Answer
$24\;\rm cm$
Work Step by Step
Let's assume that the temperature of the air is constant during this process of compressing it by pouring the mercury. And let's assume that the air sealed is obeying the ideal gas law.
Thus,
$$\dfrac{P_1V_1}{ \color{red}{\bf\not} T_1}=\dfrac{P_2V_2}{ \color{red}{\bf\not} T_2}$$
$$P_1V_1=P_2V_2\tag 1$$
Initially, the volume of the air was the volume of the whole U-tube and its pressure was the atmospheric pressure of 1 atm.
Finally, the air is compressed by a distance of $L$ which is the length of the mercury column, and its final pressure is the atmospheric pressure plus the pressure due to the mercury column.
So that,
$$P_a( \color{red}{\bf\not} Al)=(P_A+L\rho g)( \color{red}{\bf\not} A[l-L])$$
where $l$ is the total length of the U-tube, $A$ is its cross-sectional area, $L$ is the length of the mercury column, $\rho$ is the mercury density.

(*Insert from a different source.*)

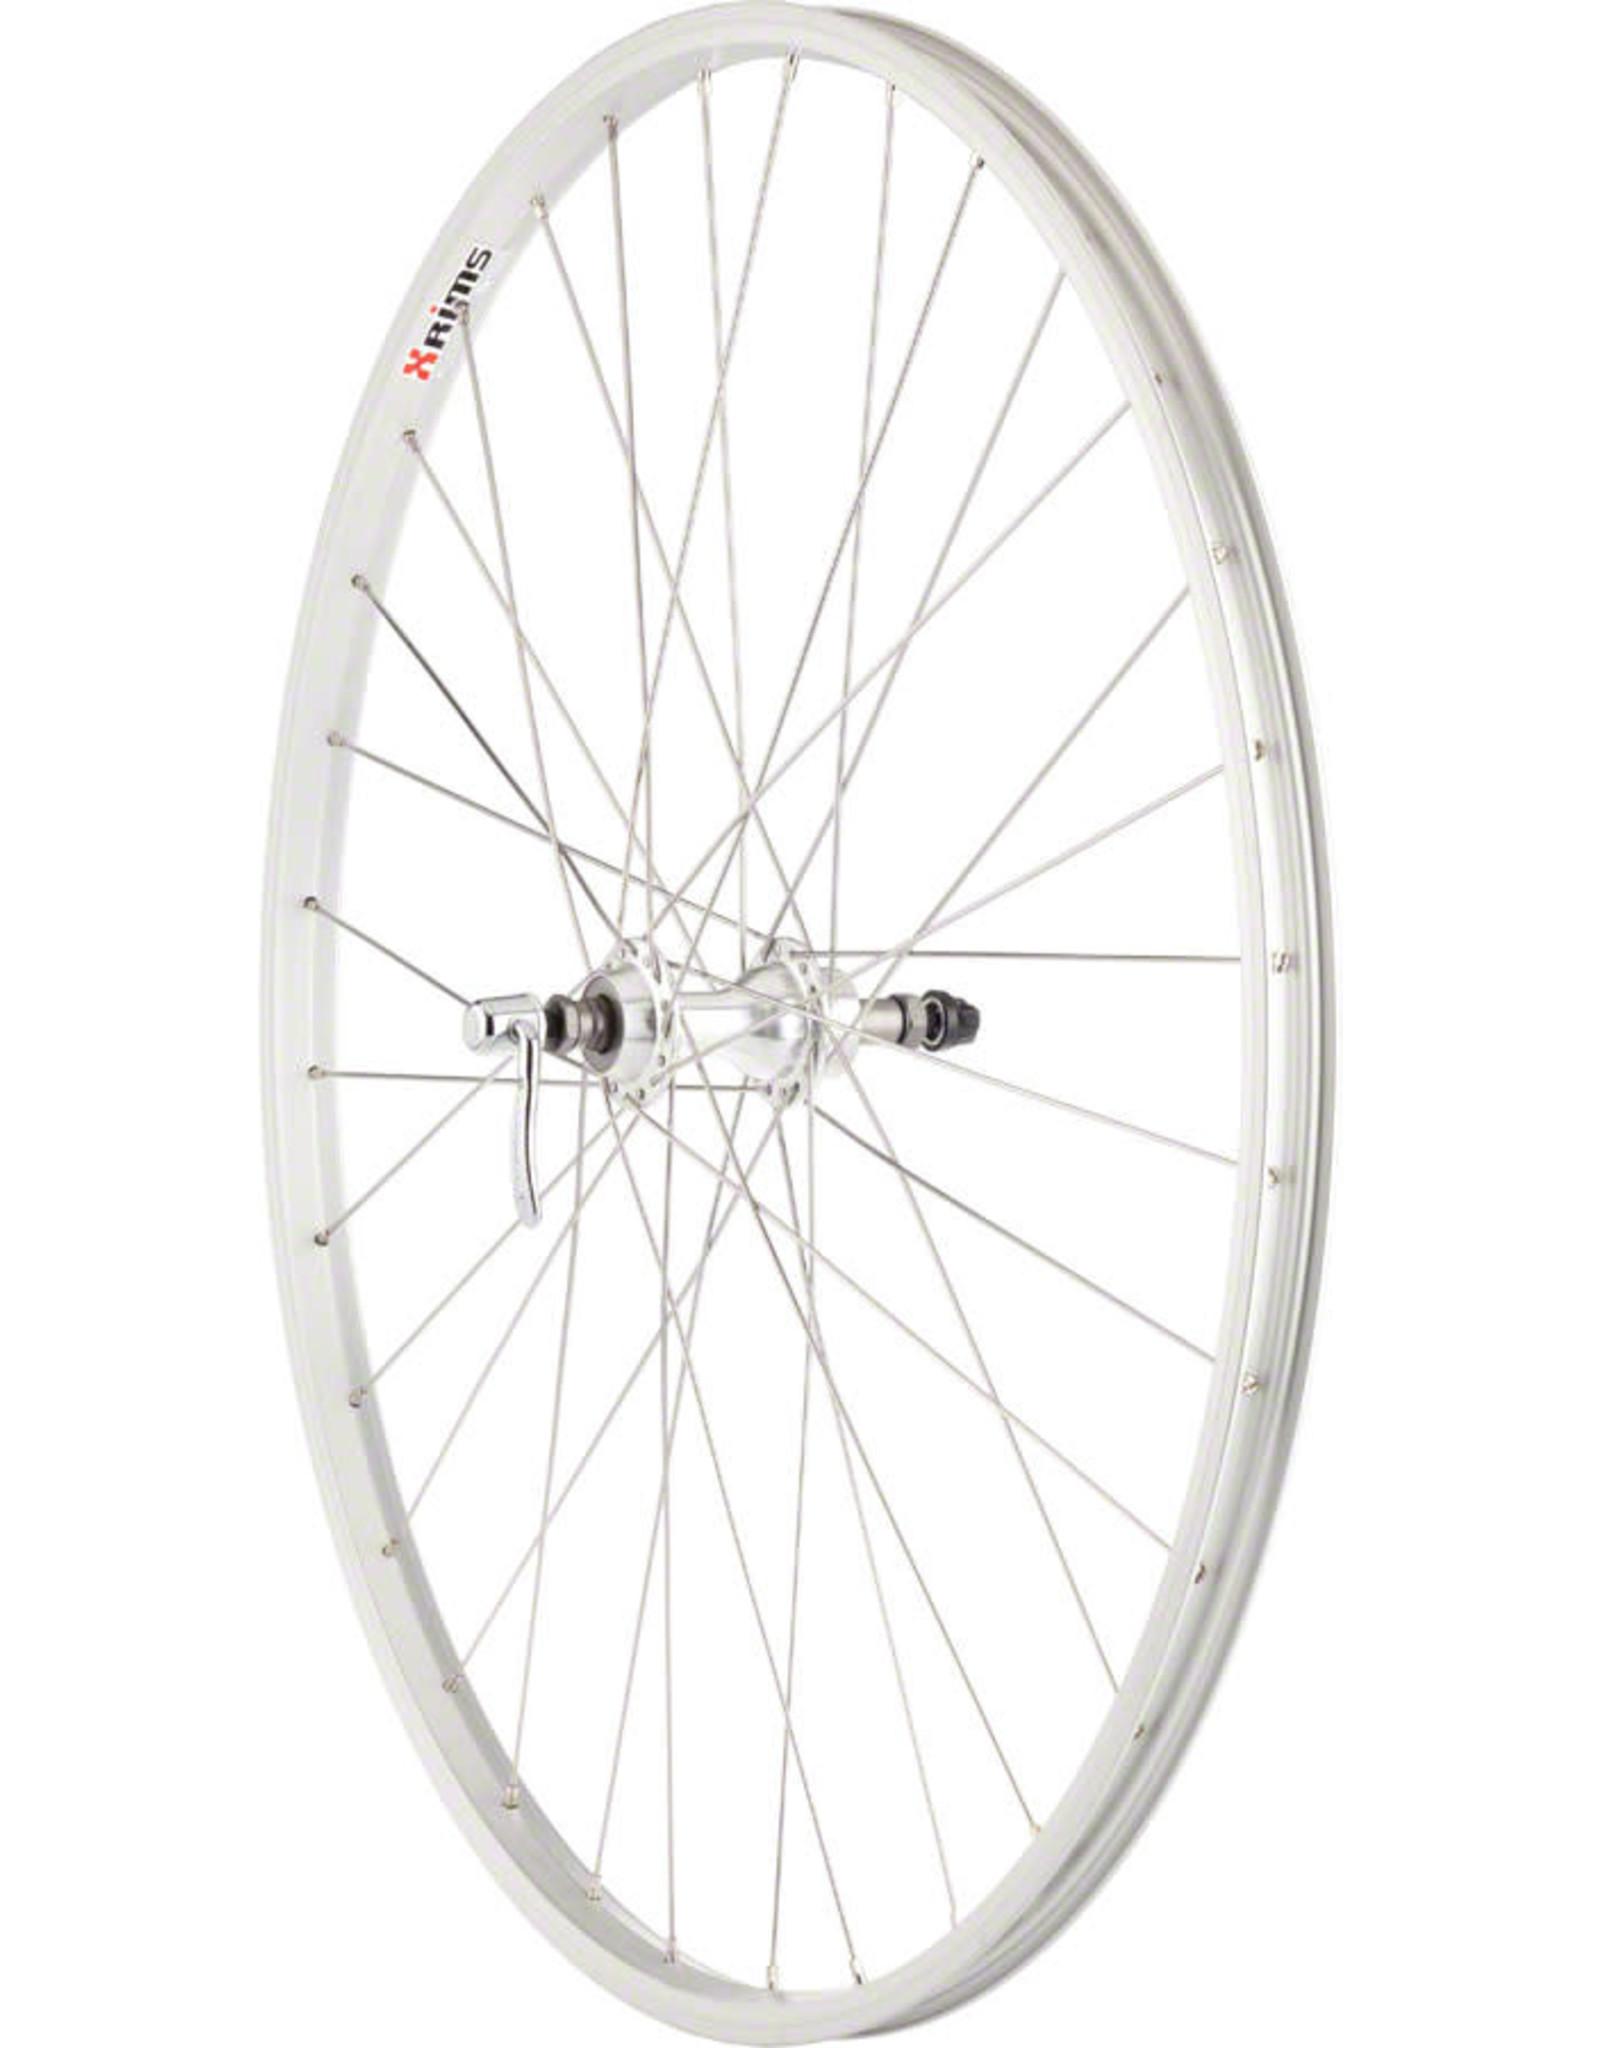 Dimension DMN Rear Wheel 700c Formula 130mm FW / Alex Y2000 SLV WE8675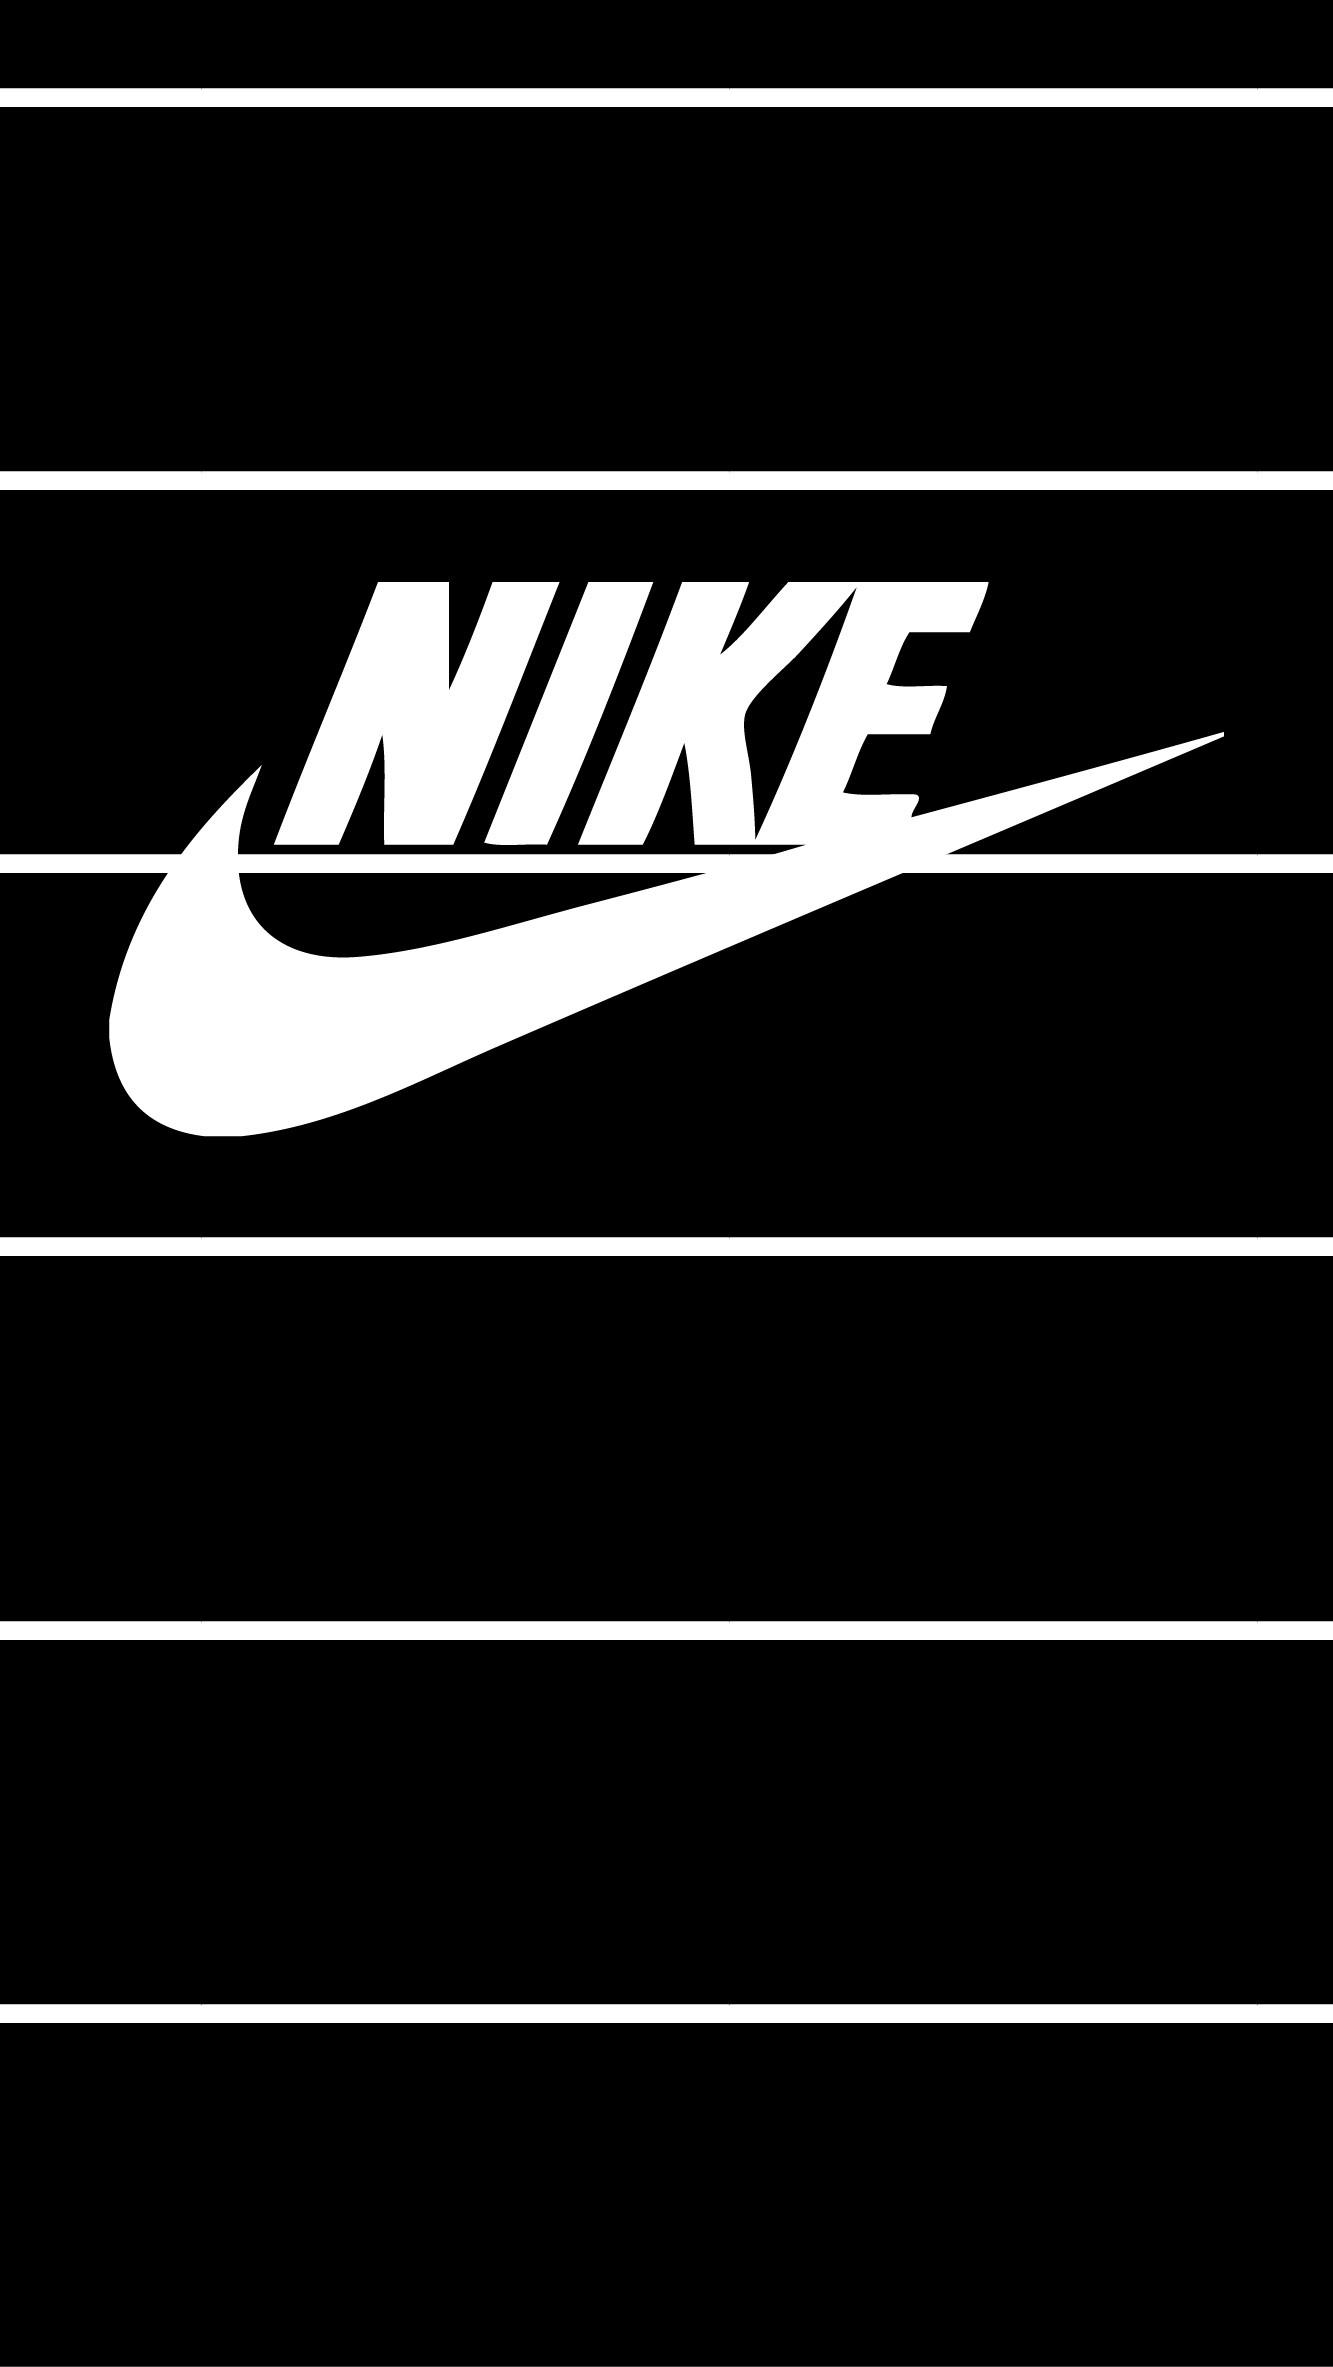 best loved 3e132 31191 1333x2367 Nike Wallpaper 2

$$P_al=(P_A+L\rho g) [l-L] $$
Solving for $L$;
$$P_al=P_al-P_aL+lL\rho g-L^2\rho g$$
$$0= -P_a \color{red}{\bf\not} L+l \color{red}{\bf\not} L\rho g-L^{ \color{red}{\bf\not} 2}\rho g$$
$$L\rho g=l\rho g-P_a$$
$$L=\dfrac{l\rho g-P_a}{\rho g}$$
$$L=l -\dfrac{P_a}{\rho g}$$
Plugging the known;
$$L=1.0 -\dfrac{(1.013\times 10^5)}{(13600)(9.8)}$$
$$L=\color{red}{\bf 0.24}\;\rm m$$